As with other layout managers, a majority of the methods in SpringLayout are devoted to meeting the contract of the LayoutManager and LayoutManager2 interfaces. The methods that make this manager interesting, however, are the methods dealing with components' constraints.

The following method returns the entire set of constraints (the springs on all four edges) for the given component. We discuss the Constraints inner class in the next section.

public SpringLayout.Constraints getConstraints(Component c)

The following method returns a particular spring for the specified edge (edgeName) of the given component (c).

public Spring getConstraint(String edgeName, Component c)

These methods place a constraint (spring) between two edges. The first method is just a convenience method that uses pad to create a strut. e1 and c1 are associated with the dependent component, while e2 and c2 refer to the anchor.

public void putConstraint(String e1, Component c1, int pad, String e2, Component c2)
public void putConstraint(String e1, Component c1, Spring s, String e2, Component c2)

No method exists for setting all of the constraints at one time, but you can use the object returned by the getConstraints() method to manipulate all of the edges on a component.
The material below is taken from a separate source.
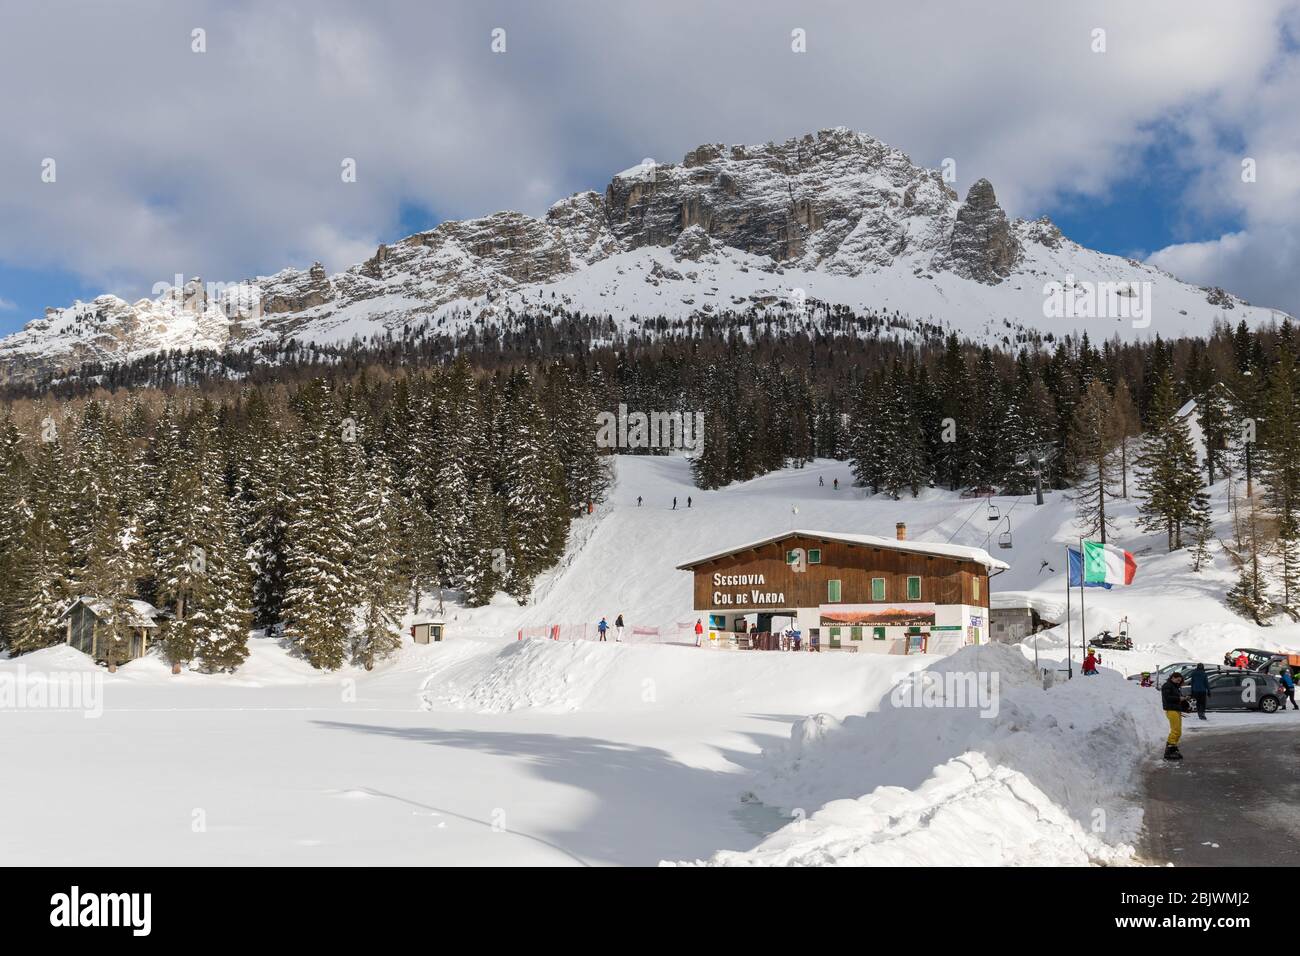 Misurina - Col de Varda ski resort, Dolomites, Italy Stock Photo

Here's the source code for the example application shown in Figure 2. Notice the three primary means of positioning components in a SpringLayout. We add the North and South buttons to the container with prebuilt constraints. The East and West buttons are positioned by retrieving their existing constraints and setting up the bounding box for the component. For example, the North and East buttons are set up like this:

// Add north button
c.add(nb, new SpringLayout.Constraints(northX, offsetS, widthS, heightS));

// Add east button
c.add(eb);
sl.getConstraints(eb).setX(eastX);
sl.getConstraints(eb).setY(eastY);
sl.getConstraints(eb).setWidth(widthS);
sl.getConstraints(eb).setHeight(heightS);

As an example of the third mechanism for positioning components, the viewport for the graphics image is laid out using several putConstraint() calls:

c.add(viewport);

// The order here is important...need to have a valid width and height
// in place before binding the (x,y) location
sl.putConstraint(SpringLayout.SOUTH, viewport, Spring.minus(borderS), 
SpringLayout.SOUTH, c);

sl.putConstraint(SpringLayout.EAST, viewport, Spring.minus(borderS), 
SpringLayout.EAST, c);

sl.putConstraint(SpringLayout.NORTH, viewport, topBorder,
SpringLayout.NORTH, c);

sl.putConstraint(SpringLayout.WEST, viewport, leftBorder,
SpringLayout.WEST, c);

You might notice some funky springs in this example. We'll explain the centering spring and the sum() and minus() methods in the section on the Spring class itself.

The Constraints Inner Class

SpringLayout.Constraints embodies the spring constraints placed on a single component in a SpringLayout-managed container. It holds the bounding box for a component, but it uses Spring references rather than ints for the x, y, width, and height properties.

Properties

The Constraints inner class consists entirely of the properties shown in Table 2. With the exception of the constraint property, these properties mimic the Rectangle class often used to describe the bounds of components. The constraint property is indexed by edge name (a String). See Table 1, SpringLayout Constants, for a list of valid edge names and their respective relationships to the x , y , width, and height properties.

Table 2. SpringLayout.Constraints Properties.

Property Data Type get is set Default Value
constraint i Spring *   * null
height Spring *   * null
width Spring *   * null
x Spring *   * null
y Spring *   * null

i is indexed (by String values, see Table 1).

Constructors

There are several constructors for building a Constraints object. You might want to do this if you intend to build the constraints before adding the component to its container. (You can use the Container.add(Component, Object) method to accomplish this.)

public SpringLayout.Constraints()
public SpringLayout.Constraints(Spring x, Spring y)
public SpringLayout.Constraints(Spring x, Spring y, Spring width, Spring height)

These constructors all build Constraints objects. Any unspecified property is left as a null value. The first constructor creates a completely empty Constraints object, while the second one leaves the width and height properties null.